Landfield does do some things that are unusual for a journalist. He sometimes weaves his opinions into news stories. He ran for office this year in Senate District L. His campaign lasted from June 1, when he filed, to August 31, when he withdrew. 

But both Landfield and his lawyer say he is a journalist. And there are foundational legal protections that come with doing the job. 

I’m tired of having to fight to be able to go to these press conferences,” he said. “I never really appreciated the freedom of the press. I always believed in it, but I never really appreciated it until I started doing the Landmine. And, you know, we — through reporting — have changed policy. We’ve exposed things that would never have been exposed otherwise. That’s a very powerful thing and that should not be hampered. That should not be minimized by anybody.” 
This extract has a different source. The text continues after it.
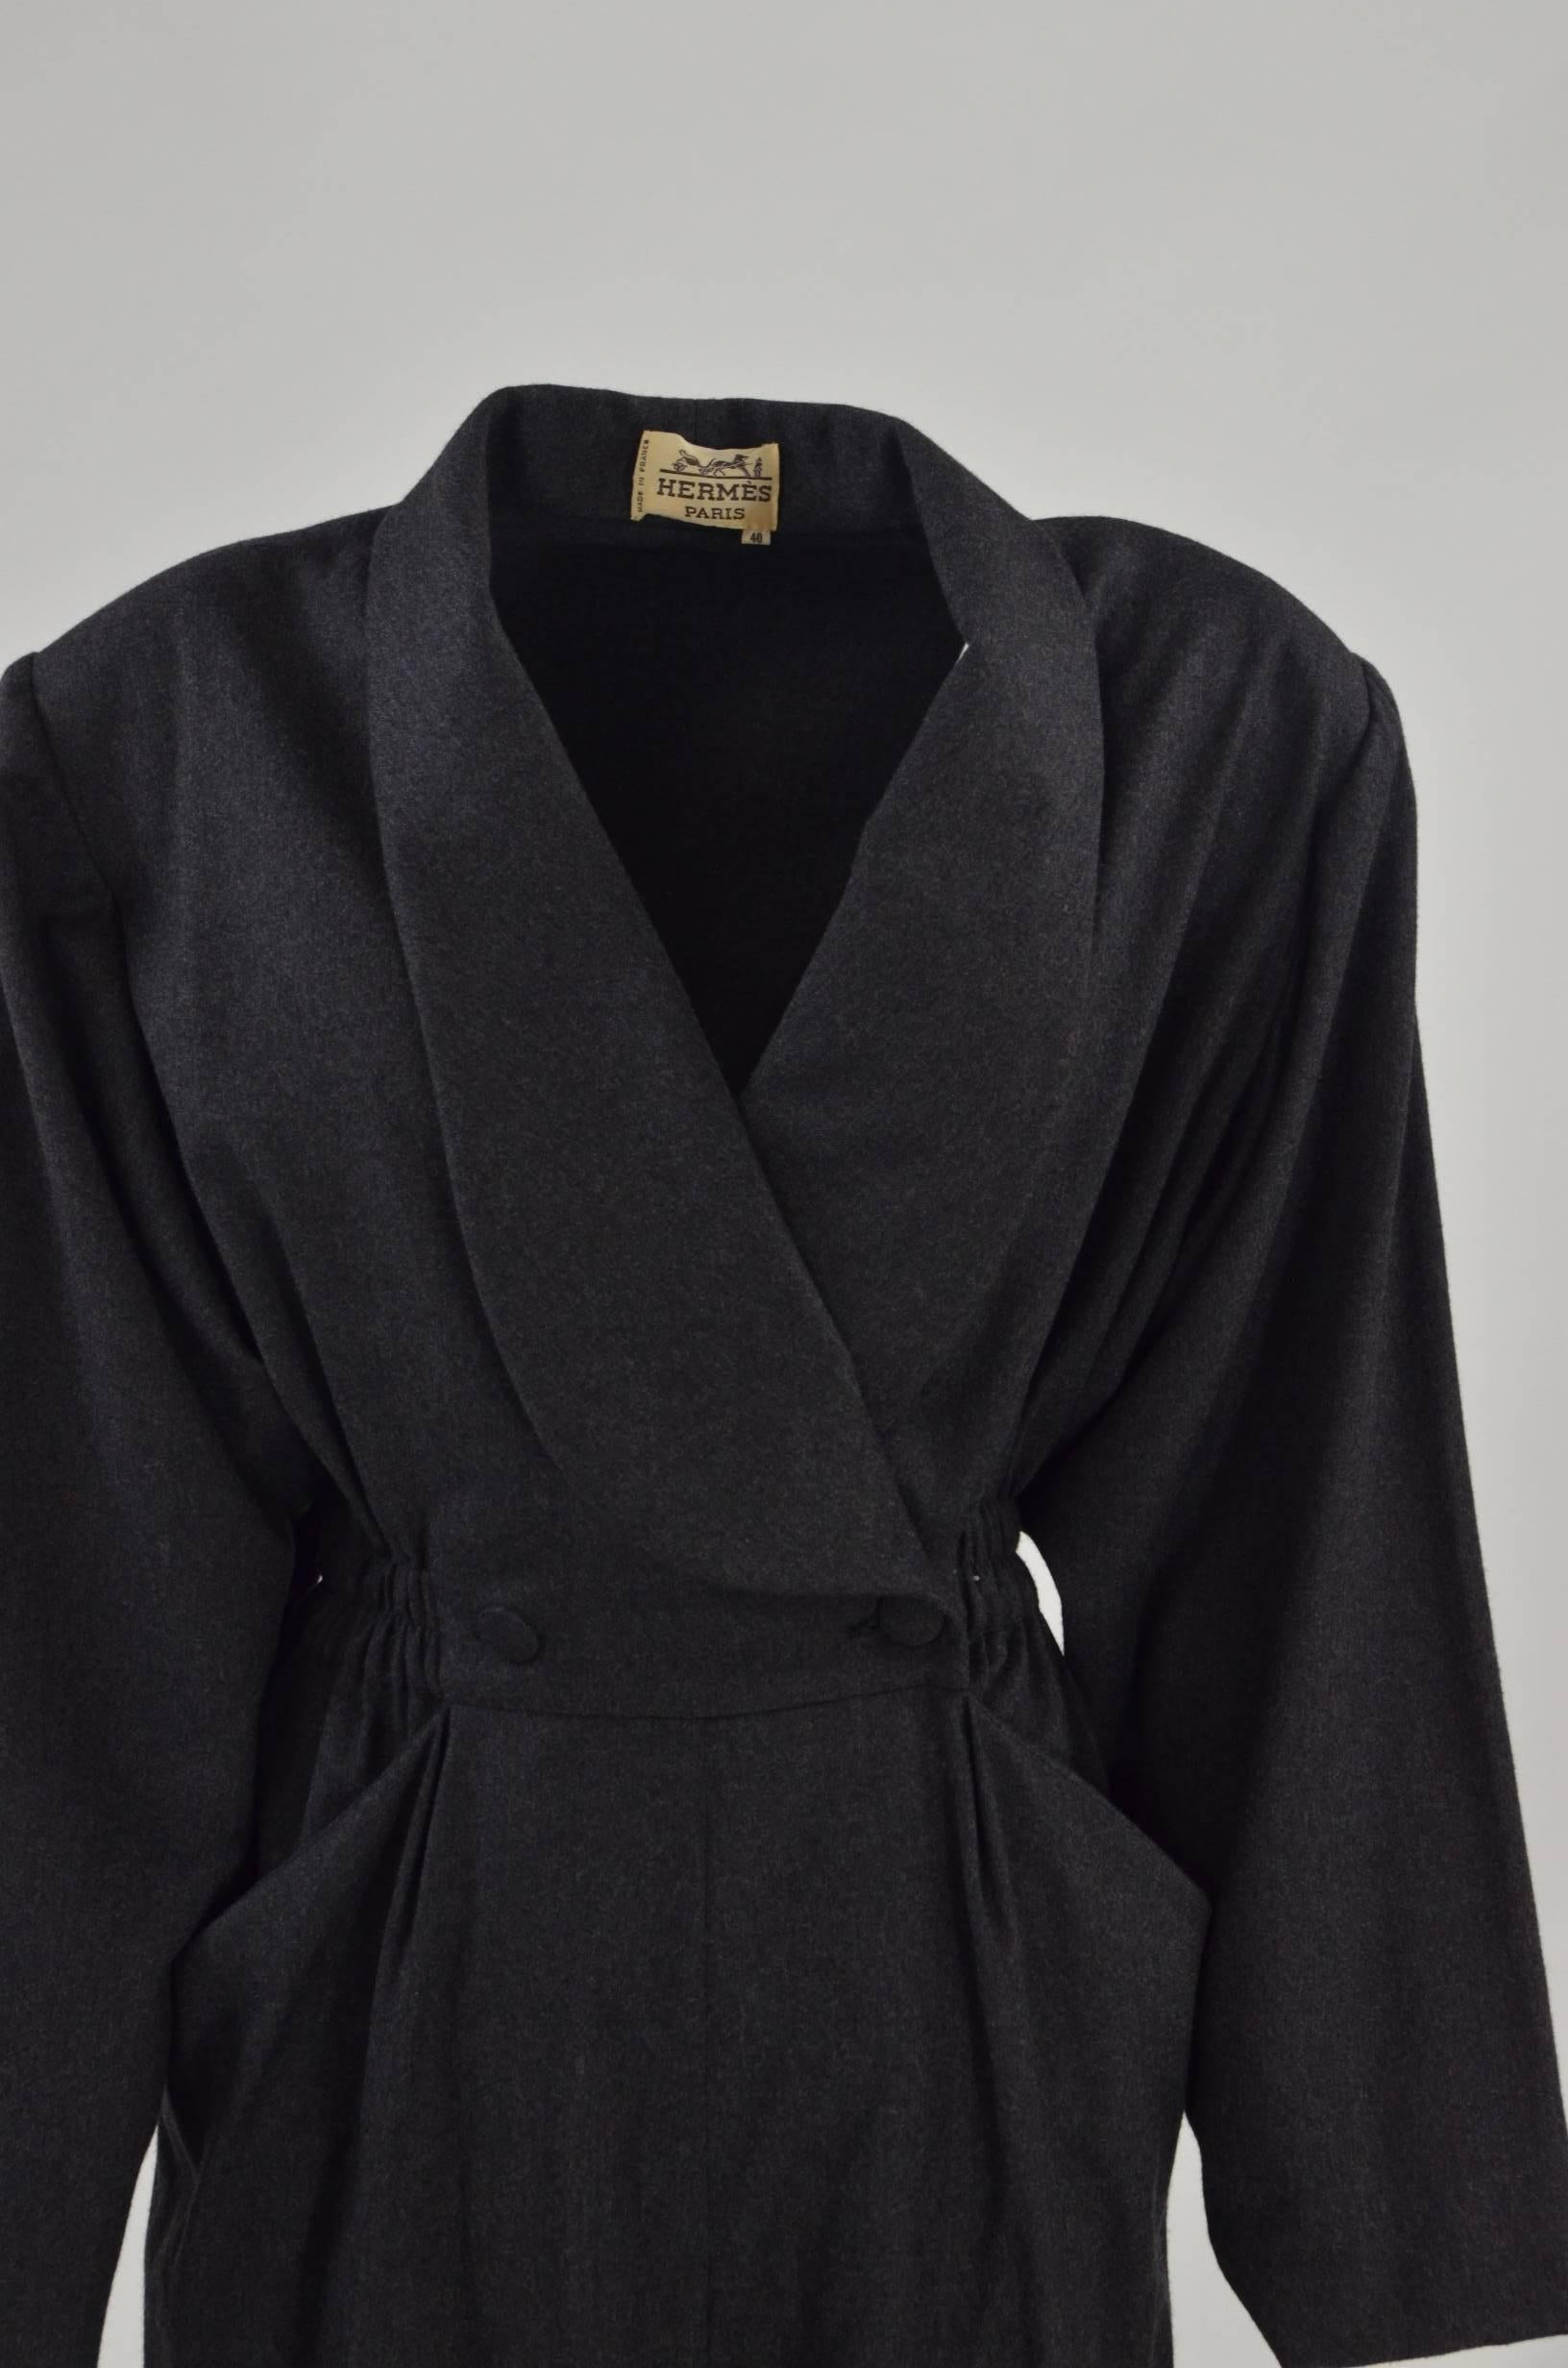 Women's 1980s Hermès Vintage Wool and Cashmere Dark Jumpsuit

The governor’s office doesn’t issue press passes. There isn’t a board in the state that decides who is or is not a journalist. The legislature has issued Landfield a press pass. 
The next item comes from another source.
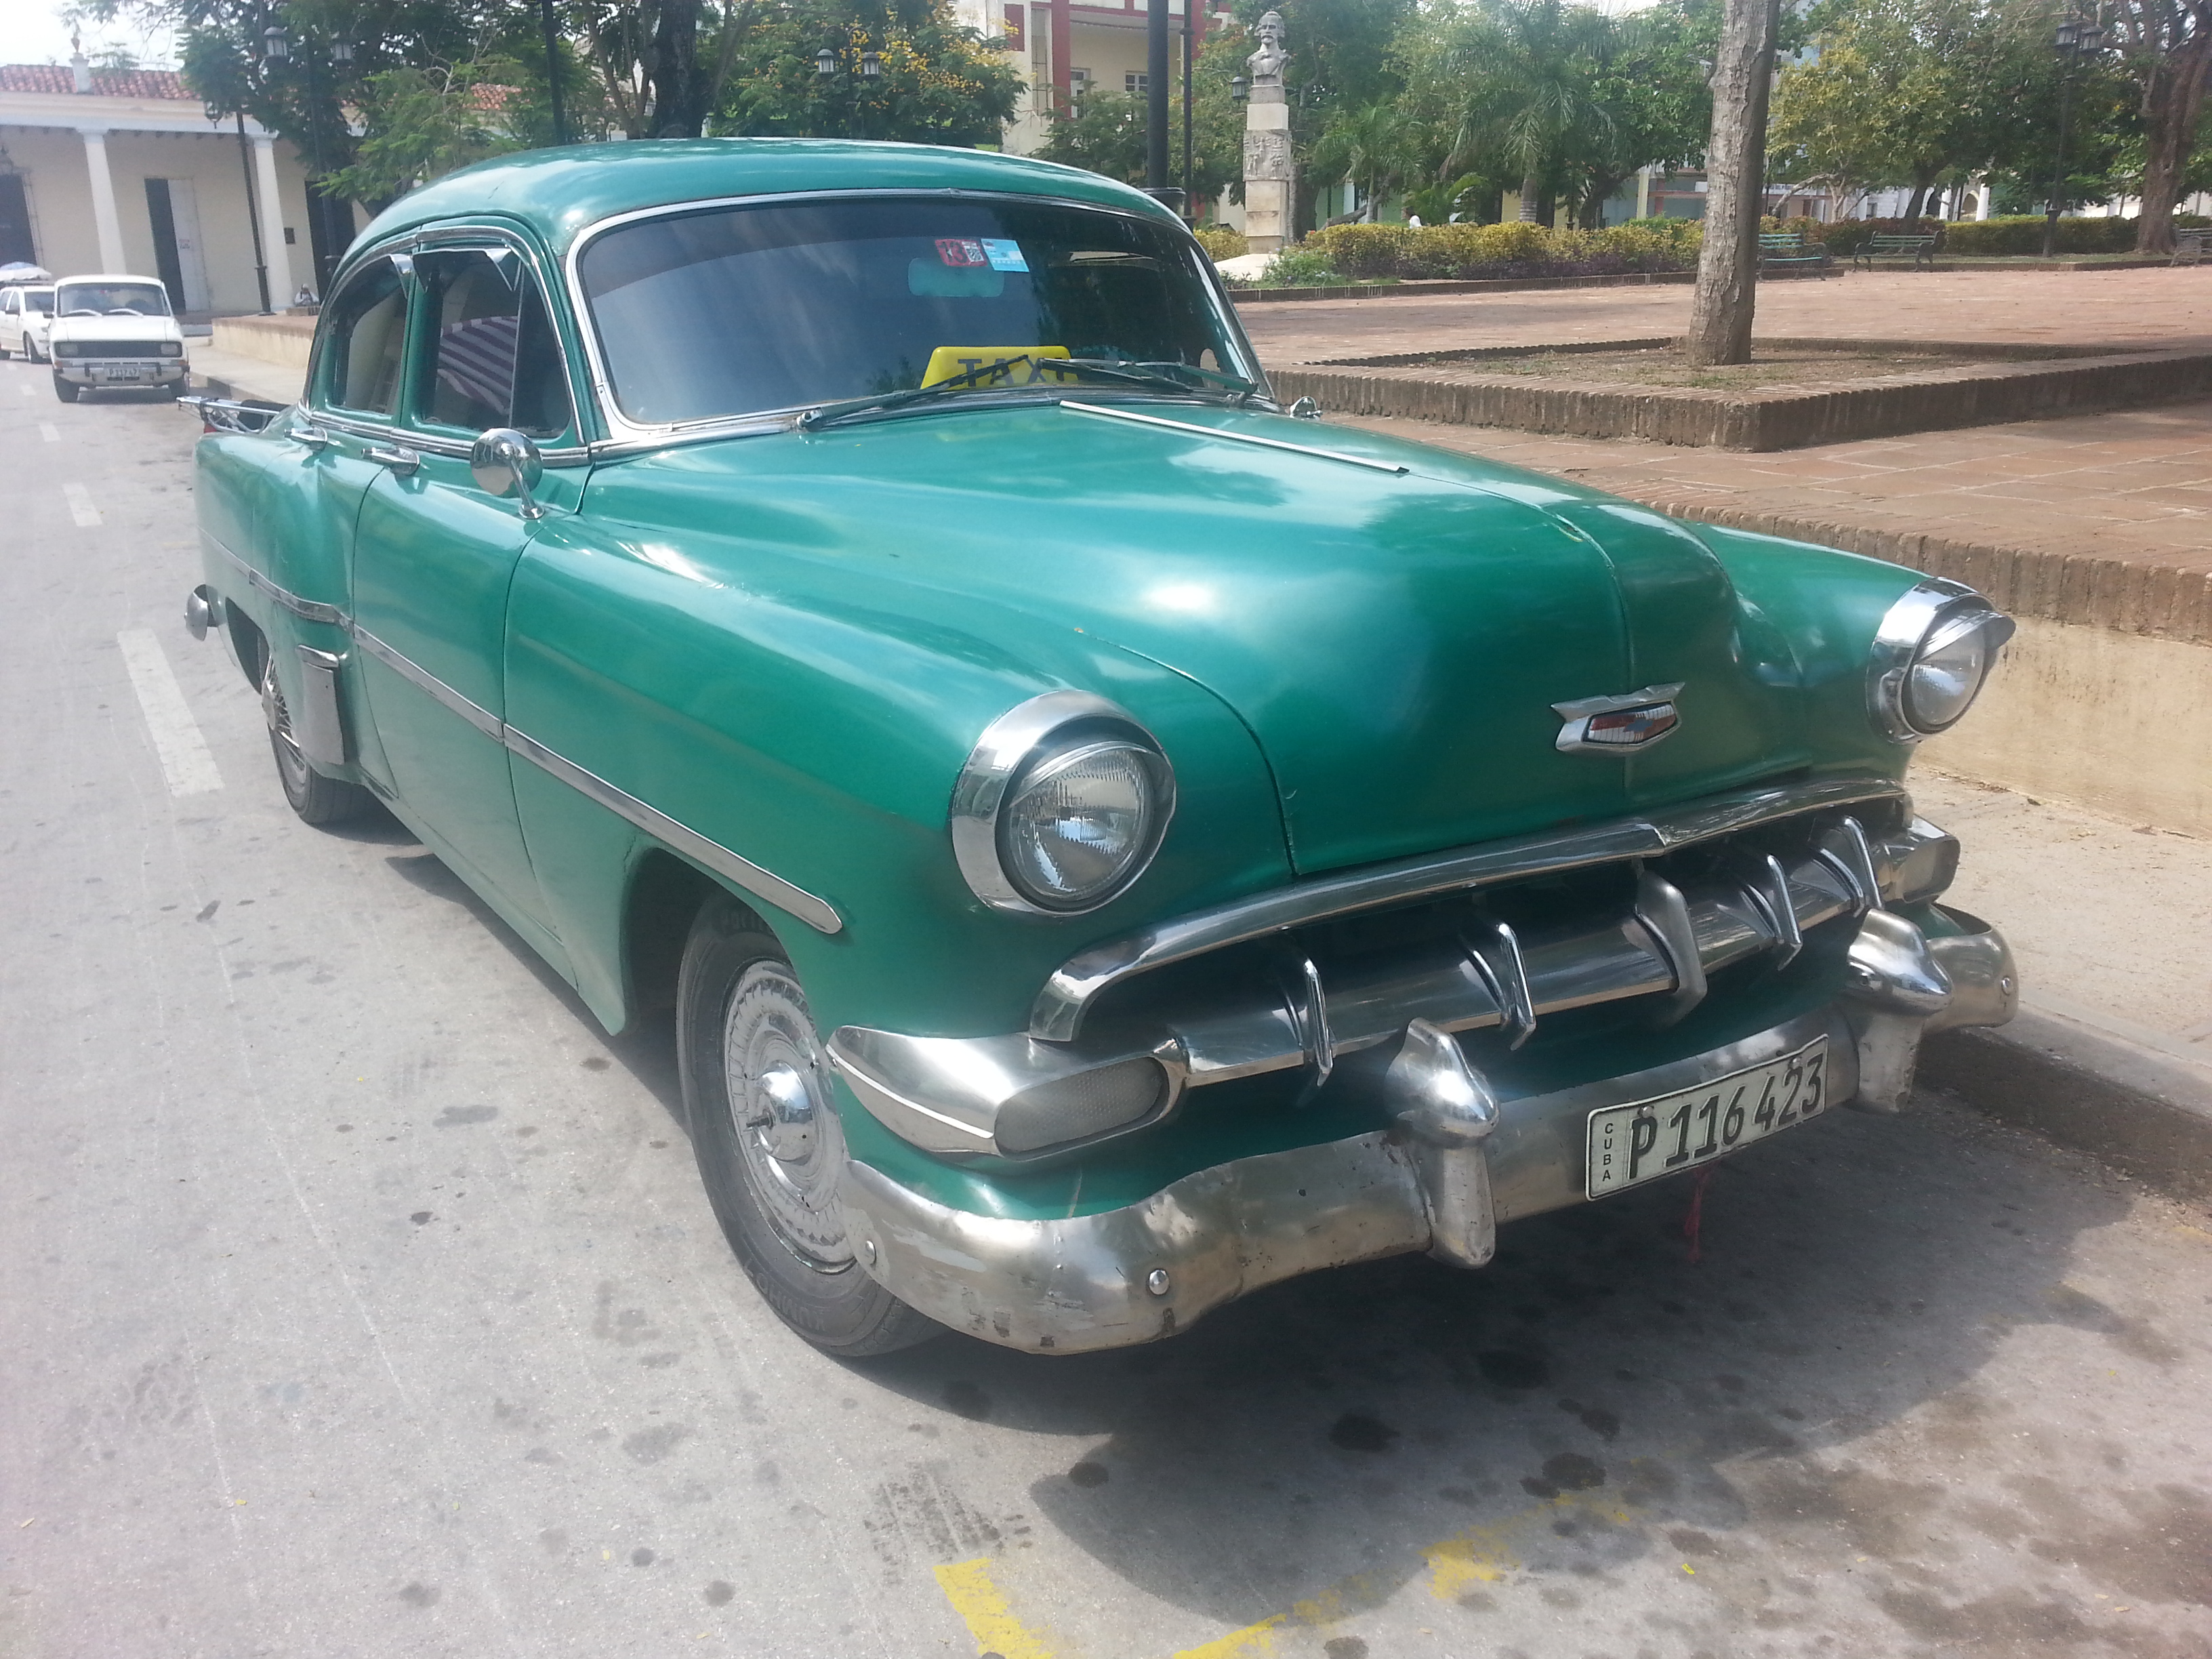 Julio, s Oldtimer Taxi Bj. 1954

And even if members of Dunleavy’s administration take exception to his brand of journalism, his lawyer Matt Singer argues they can’t stop him from writing about them, or politics. 

“One aspect of a free press is that the government — including the governor — don’t get to pick and choose which media are entitled to report about government affairs,” he said. 

Singer said Landfield does a type of journalism that is disruptive. But he said the nature of media is evolving.

“Just because it’s different, just because it’s a different approach, doesn’t mean that it’s not entitled to the same constitutional protections and that it isn’t a valuable source of information for Alaskan citizens,” he said. 

Singer said it would be a simple fix to do what he and Landfield are asking them to do. 

“In this time of COVID, many of the governor’s press conferences are being done virtually. So fixing this issue would be as easy as adding the Alaska Landmine to an email invitation for virtual press conferences,” he said. 

It’s not clear what kind of argument the state could make against allowing Landfield into the press conferences. Maria Bahr, a spokesperson for the Department of Law, said the state has seen the lawsuit, but wouldn’t talk about the particulars of the state’s response to Landfield’s demand letter or how the state plans to argue in court. She wrote in an email that they’d file a response with the court.

Landfield’s legal team filed an injunction on Tuesday, essentially asking for the court to require that Landfield be allowed to attend press conferences while the lawsuit works its way through the system. They’ve asked that a hearing be set to consider their request on Dec. 30.